Chernoe kofe i jogUrt, pozhaluista!
Alina Israeli
aisrael at AMERICAN.EDU
Tue Sep 1 17:03:35 UTC 2009
Russian language purist periodically take one word and make it into an
anti-corruption banner, because they say language is getting corrupted.
(I periodically wonder how Romans should have deplored the disastrous
vulgarisation of their language.) As a result that particular word
exhibits decades if not centuries of fluctuation, unlike other similar
words. In the beginning of the 19th century such a word was "zvOnit". If
they had left it alone, the stress would have moved from the ending onto
the stem by the end of the 19th century and only historians of the
language might have heard about it.
Similarly the gender of the word "kofe" is a perennial stumbling block.
From kifij to foreign looking kofe, but still preserving kofeëk. What
harm would there be if it had a morphologically predictable gender?
It's not like no other noun has ever changed gender, or adjusted its
gender. One of my fairly (5-7 years ago) recent discovery is the word
"kanifol'" ('rosin'), not a terribly popular word, so who cares: it was
masculine, now it's feminine. There are plenty of other examples of
various morphological changes, for example "sanatorija" is no longer in
use, only "sanatorij". Rojal' was feminine, now it's masculine.

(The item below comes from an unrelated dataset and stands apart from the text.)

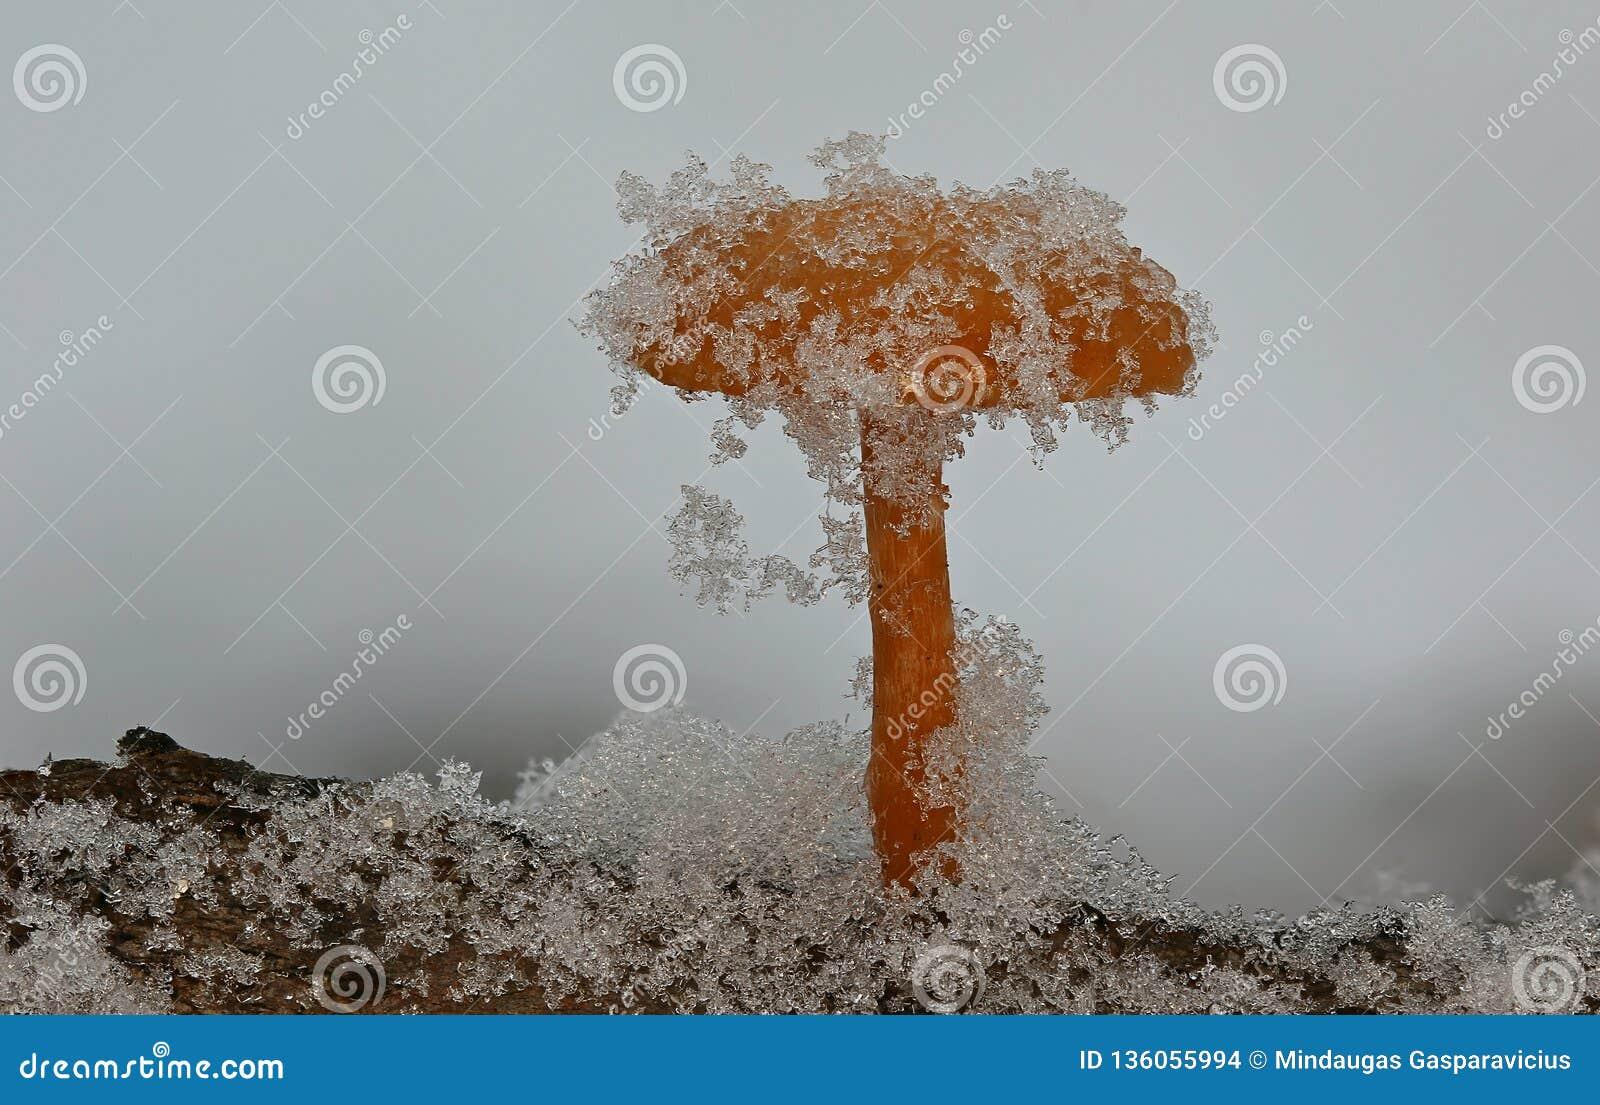 在软的雪下的冬菇
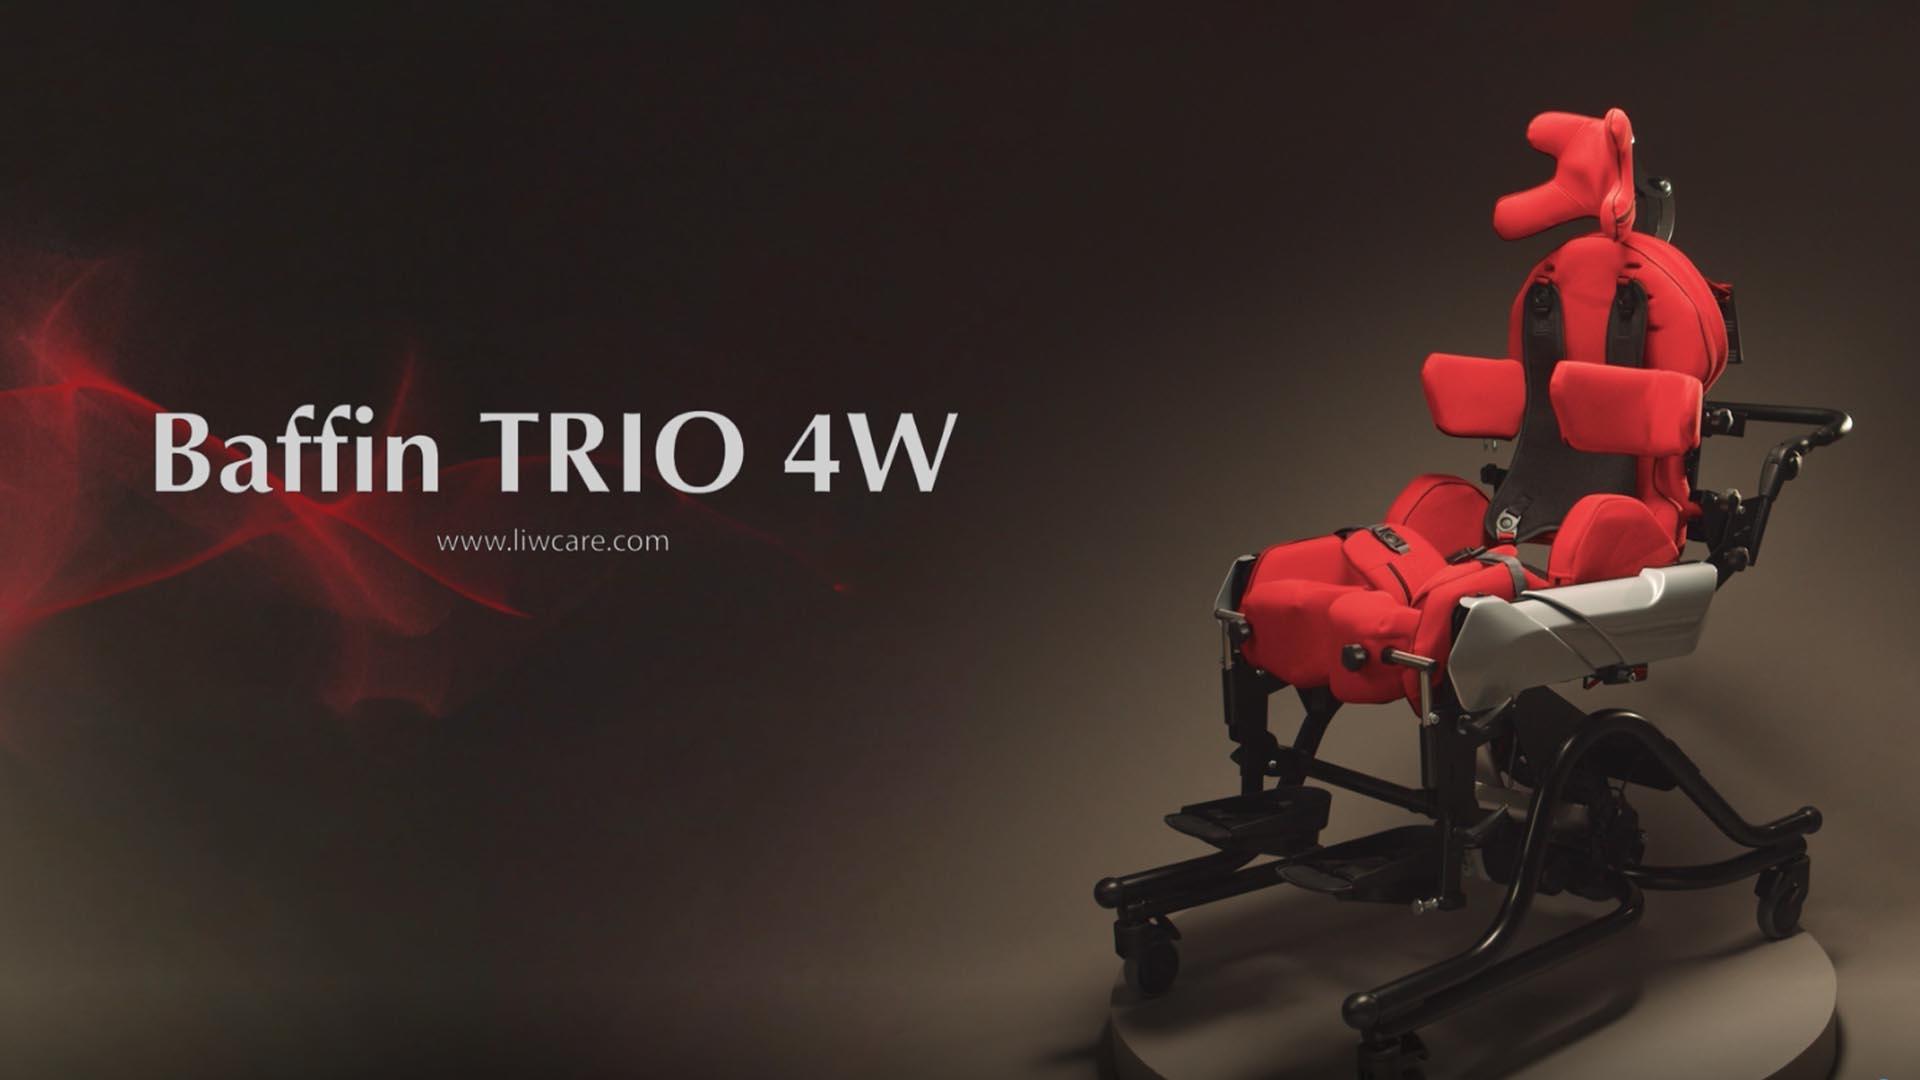 baffin trio 4w

Stresses move around in Russian even in native words, but in borrowings,
there should be no surprises that it adjusts either closer to the
original or more convenient for the Russian system. Péru became Perú,
Bostón became Bóston in my life time. And again such examples are
plentiful.
As a linguist I understand the trend, but as a person I deplore the use
of tvórog, why is no one mentioning it? Somehow it's not on anyone's
radar screen, unlike kofe. Igor' Efimov published a very funny short
story about tvorog with stresses, but everywhere on tvórog. Would I ever
use that story in class? Of course not, it goes against my grain. But
obviously for a lot of people it's the norm. And the generation of my
grand-children wouldn't even know that there was an issue.